It’s a right of passage for any kid. But for a kid with Diabetes, having your parent leave you alone is a huge milestone.
This week the boys’ schedules are off the charts. Tons of crazy going on the last week of school, and as such we have three different pick up times from school. Since the littles got off an hour before the bigs, I brought them home to do some dinner prep before returning across town to do the second round of pick ups.
“Let’s go guys.”
“Nah. We’ll stay here mom.”
I stop in my tracks and look back at my 11 and 9 year olds.
“You’ll be okay by yourselves?”
“Absolutely.” B says with his brown eyes shining back at me.
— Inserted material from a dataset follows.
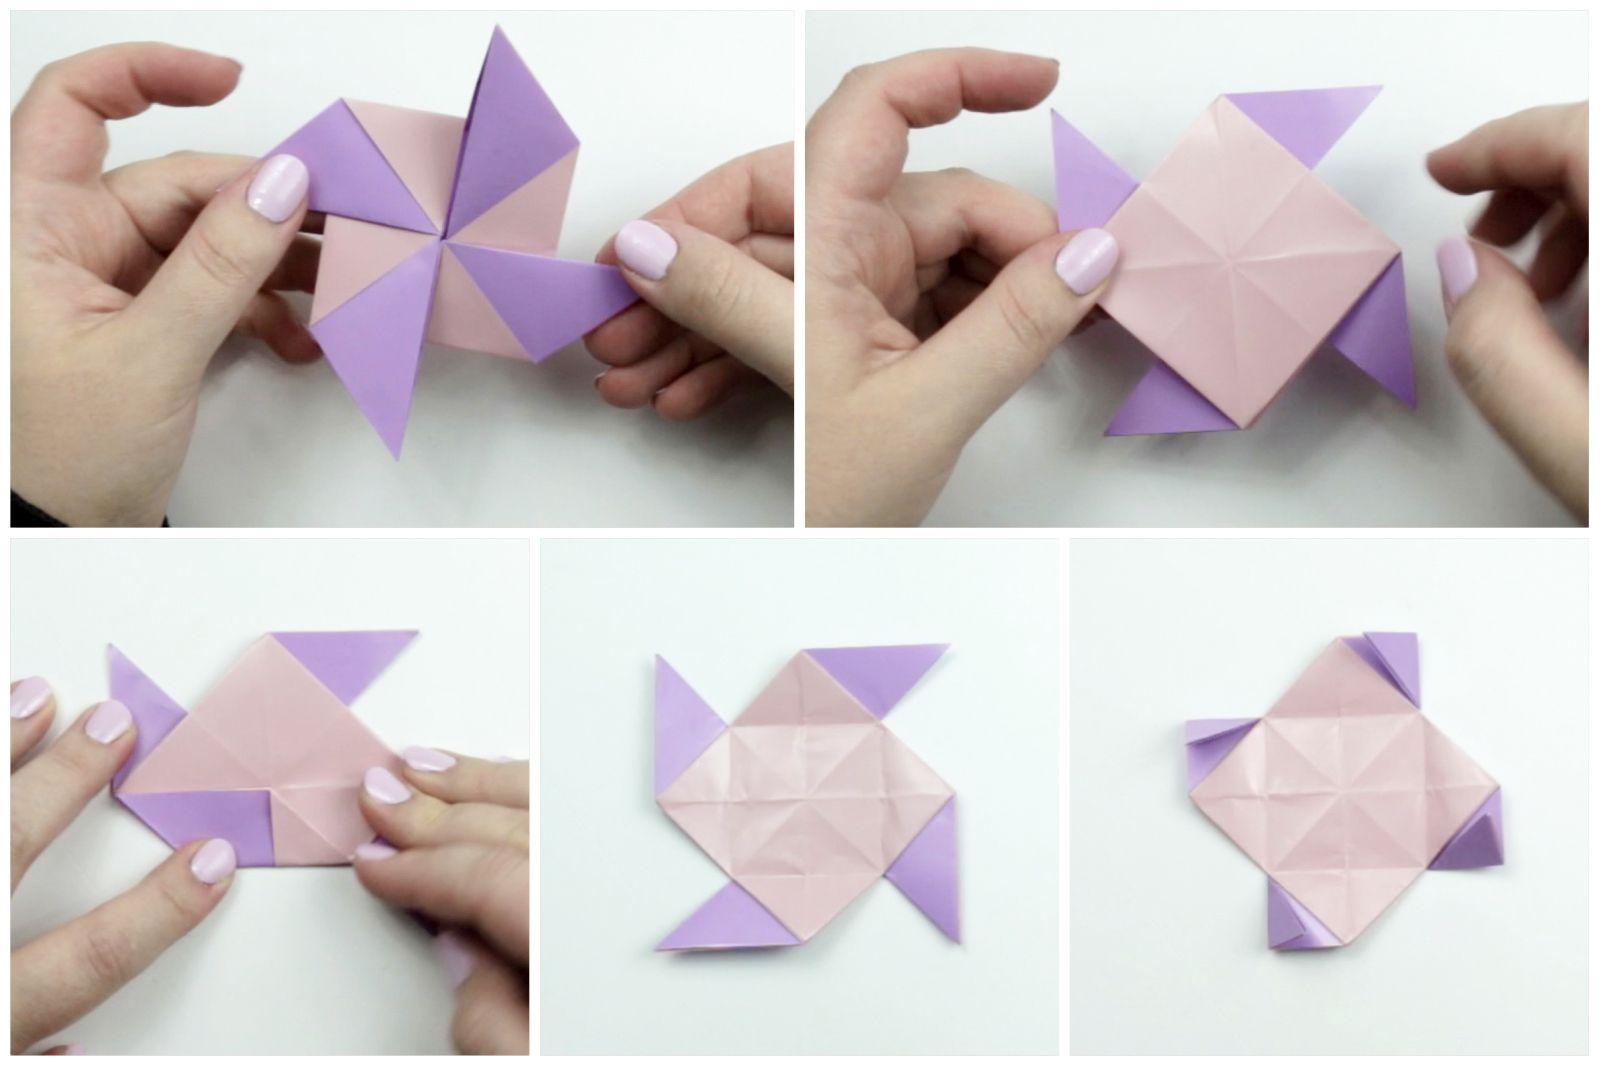 Origami Earrings being folded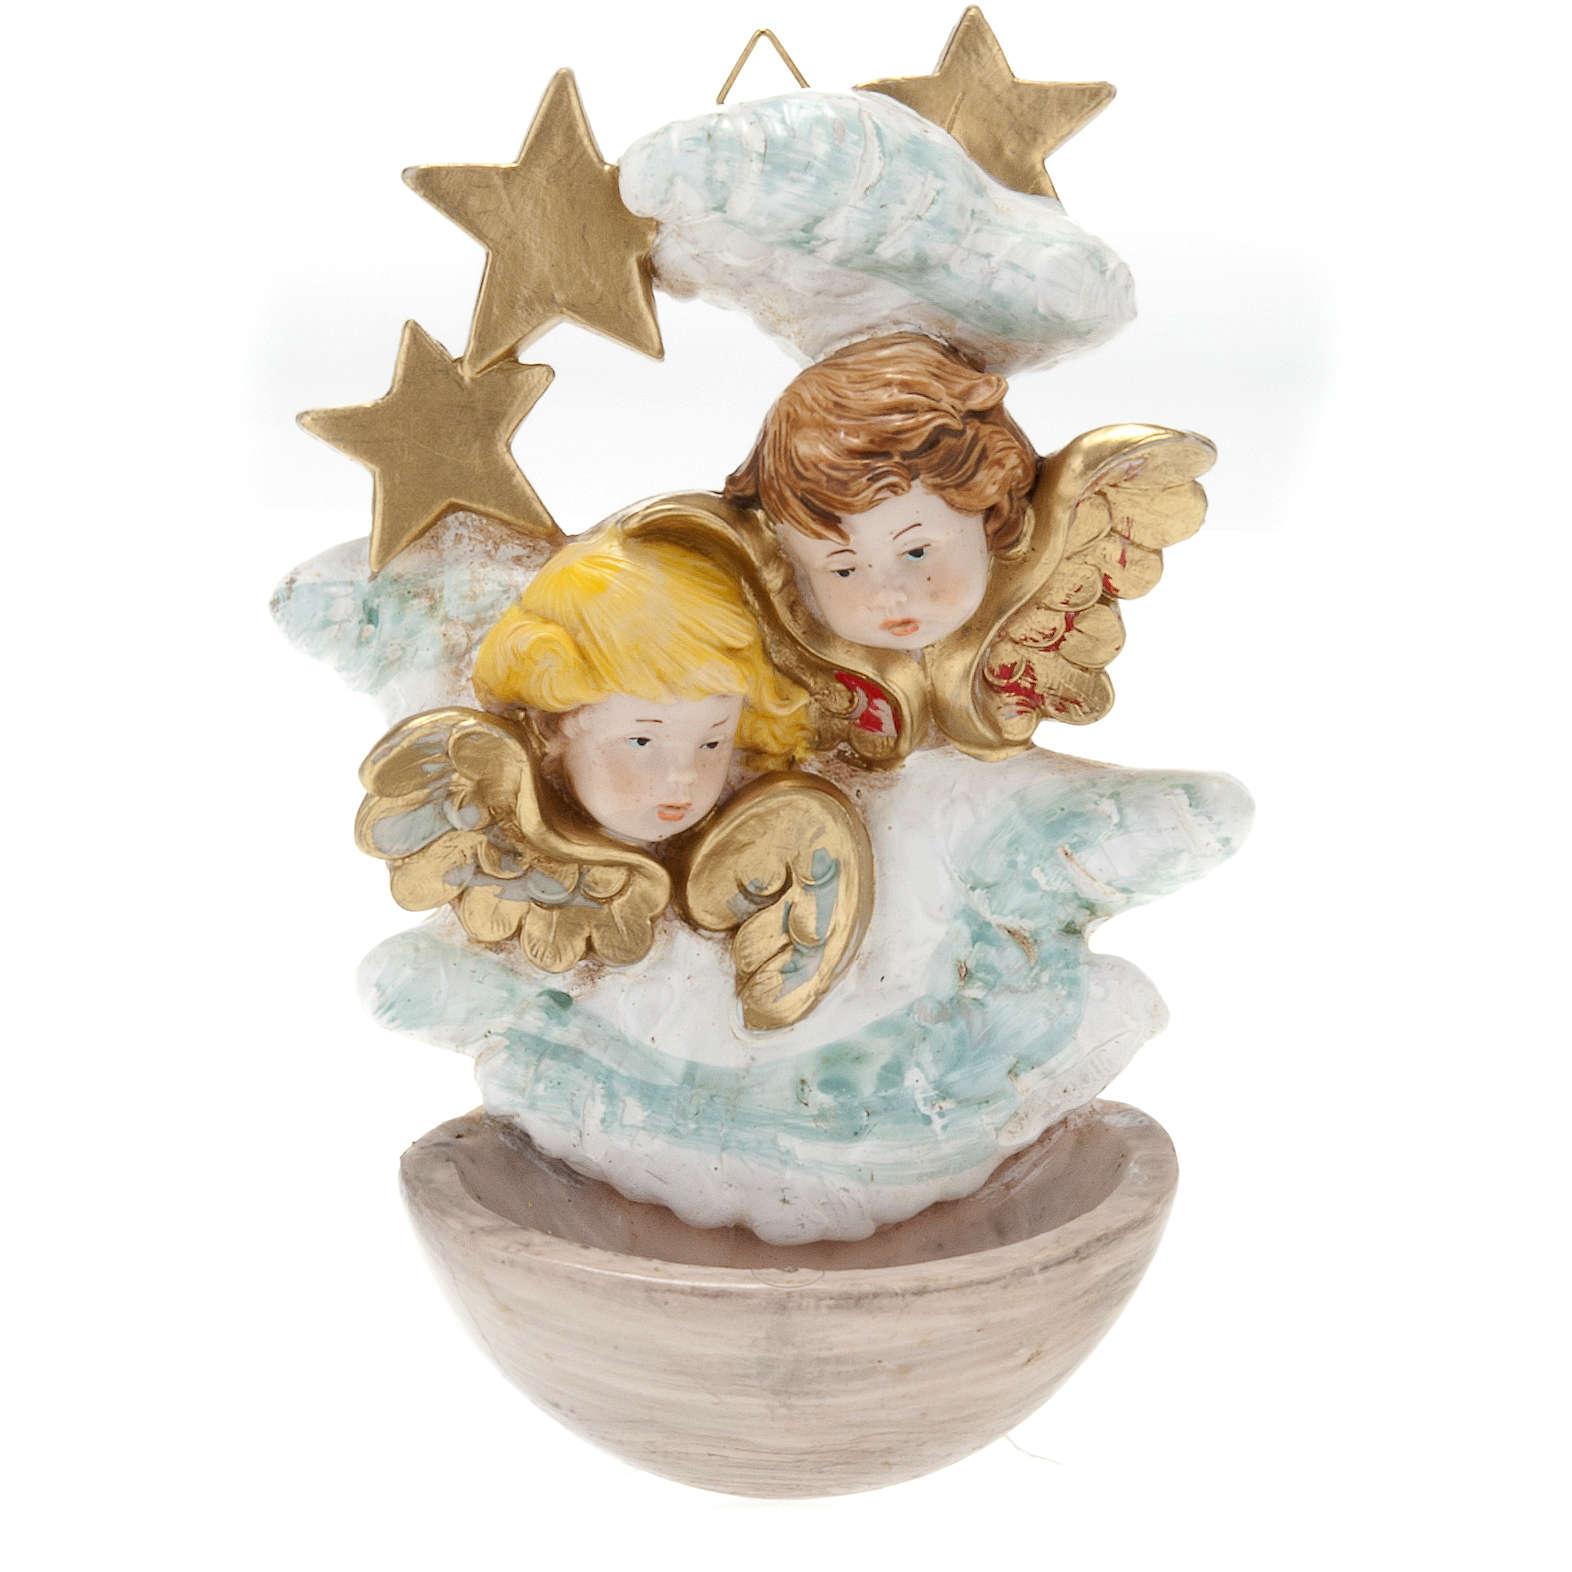 Pila de agua bendita angelitos con estrellas plástico Fontanini 4

He said it sincerely, not trying to convince me, but rather just stating it as a matter of fact.
“OK,” I say hesitantly. “You have my cell phone number if you need me, or if something comes up.”
“OK. See ya.” He says casually.
As I was making my way to the High School I thought about the big step it was to leave my two littles, (my two littles who both have diabetes no less,) at home alone. Sure only for 30 minutes. But still…a lot can happen in 30 minutes. Especially since Murphy’s Law is like my 5th child. I tried to shake the negativity away...my in laws live just a few blocks away from us. All will be well.
Then it occurred to me, if Ryan were here, they wouldn’t be left alone. In fact I’m pretty sure it was only within the last year we left any of our kids home alone. My two little guys are going to grow up faster than the two older boys. This is probably the natural order of things anyway…but sobering nonetheless.
I’m a big fan of keeping kids, kids, for as long as humanly possible. Growing up is hard. Just ask Peter Pan.
Was me leaving these boys any different than me taking a nap on the couch? Hardly. They take care of themselves like little pros these days. They check if they suspect a low, and they treat if they are. They dose if they are high. I’m nothing more than a message board to leave word of what they have done.
Sure, I count carbs. But during the daytime hours, that is all I do that they do not…and to make matters worse/better…the two boys that don’t count carbs are starting to take the wheel on that. They’re pretty brilliant at it too.
So I left them.
And when I drove into the garage B flew out of the house and knocked on my car window.
“Hey. Do you want to know what happened while you were gone?”
My stomach did a little figurative bit of throwing up and then I asked, “What happened?”
“I cleaned the bedrooms and the bathroom. I vacuumed. I cleaned the kitchen and put away the groceries. Wanna come see?”
And so it goes. Children grow. Hard things become softer.
And it becomes OK to let them fly. Even if just for 30 minutes.